Major U.S. stock averages sold off during the previous session as investors gravitated out of riskier growth names and toward cyclical stocks like Walmart. The S&P 500 lost about 0.8%, while the tech-heavy Nasdaq Composite declined 1.4%. The 30-stock Dow shed nearly 167 points, or 0.3%, after hitting a fresh record earlier in the day.

In the regular session, Nvidia and Microsoft each lost more than 2%. Big-name artificial intelligence infrastructure names Broadcom, Oracle and Micron Technology also closed in the red. Software stocks also slid, with ServiceNow and Salesforce dropping nearly 7%. The tech sector was the worst performer in the S&P 500, down more than 2%.

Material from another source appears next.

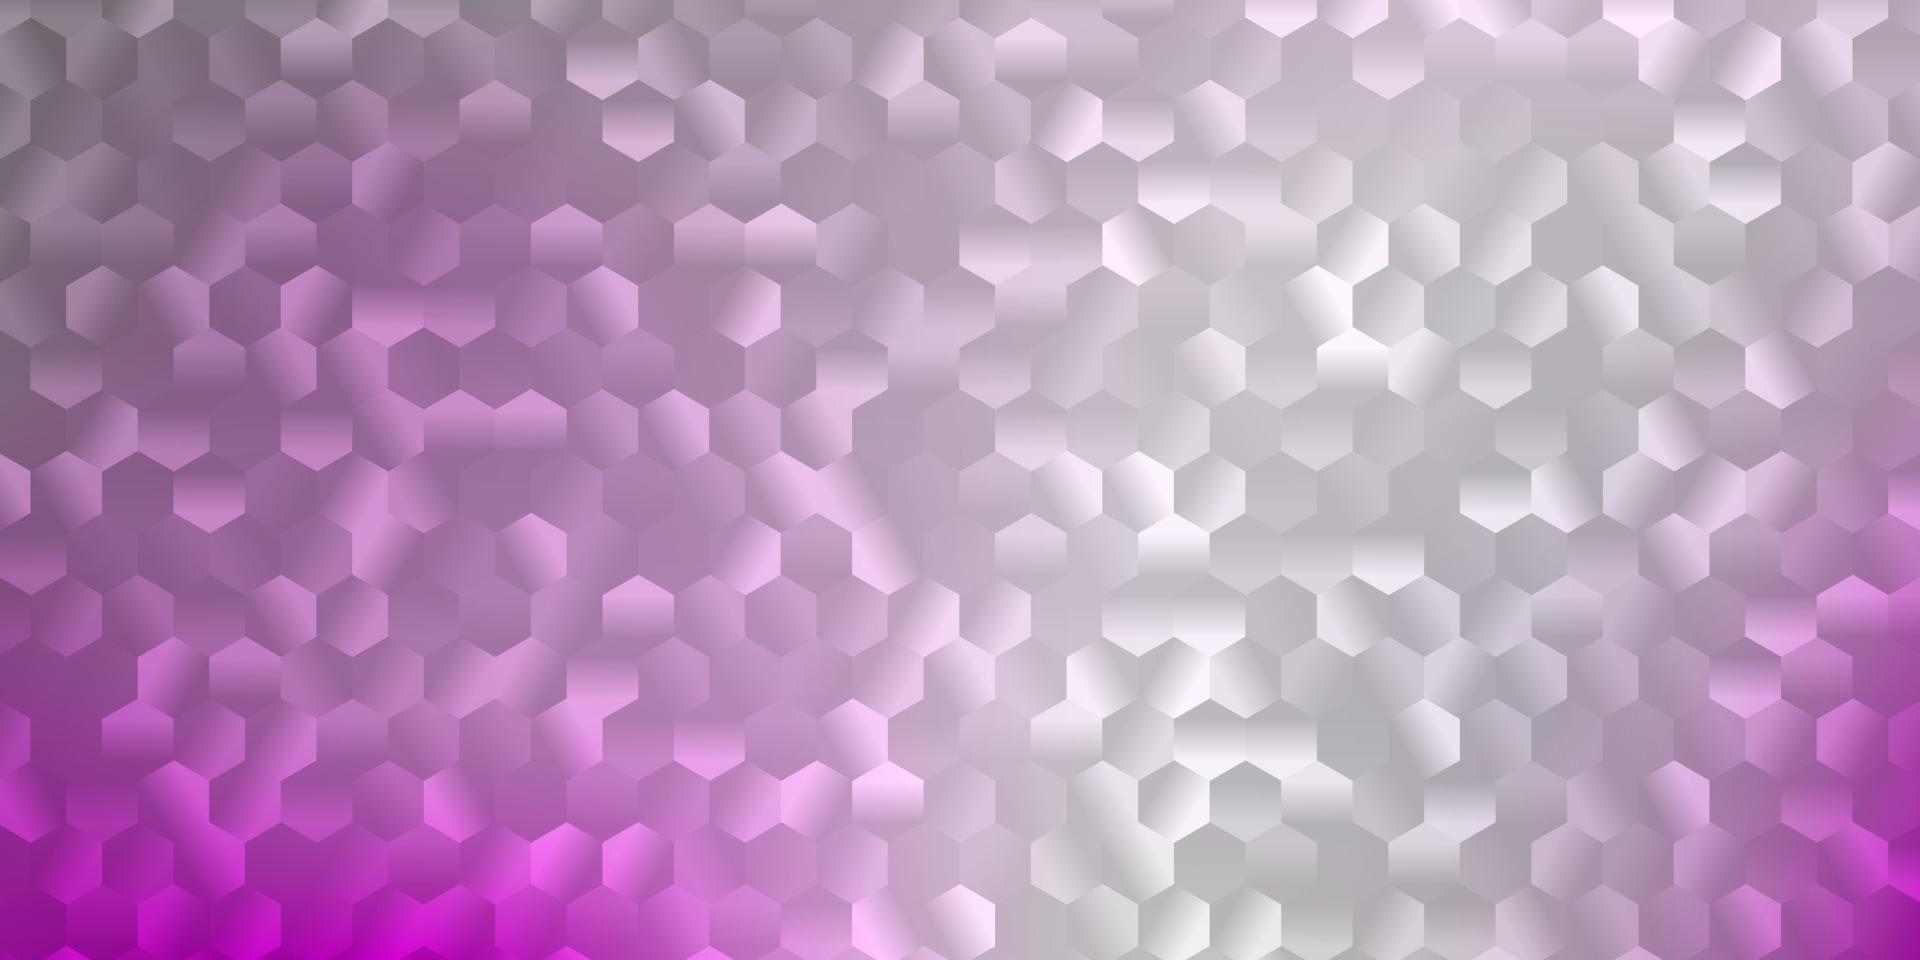 Light purple vector background with hexagonal shapes.

Shares of private credit firms, including Blue Owl and TPG, declined on fears over artificial intelligence disrupting the software industry.

“I think you have a number of cross-currents that are impacting the markets all at once,” Joe Tanious, chief investment strategist, North America, at Northern Trust Asset Management, said Tuesday on CNBC’s “Power Lunch” about the broader market decline. “On the other hand, I still believe the underlying fundamentals are still there.”

“Now, markets are starting to be a bit more particular and nuanced with respect to which companies they want to have exposure to,” he said. “Let’s also not forget that after a three-year rally in the markets where you’ve seen these double-digit returns, valuations start to get a little stretched. It’s not going to take a whole lot to sort of poke that bear and see markets capitulate, a bit like what we’re seeing right now.”

A busy earnings week is underway, with Alphabet slated to report results on Wednesday and Amazon due Thursday.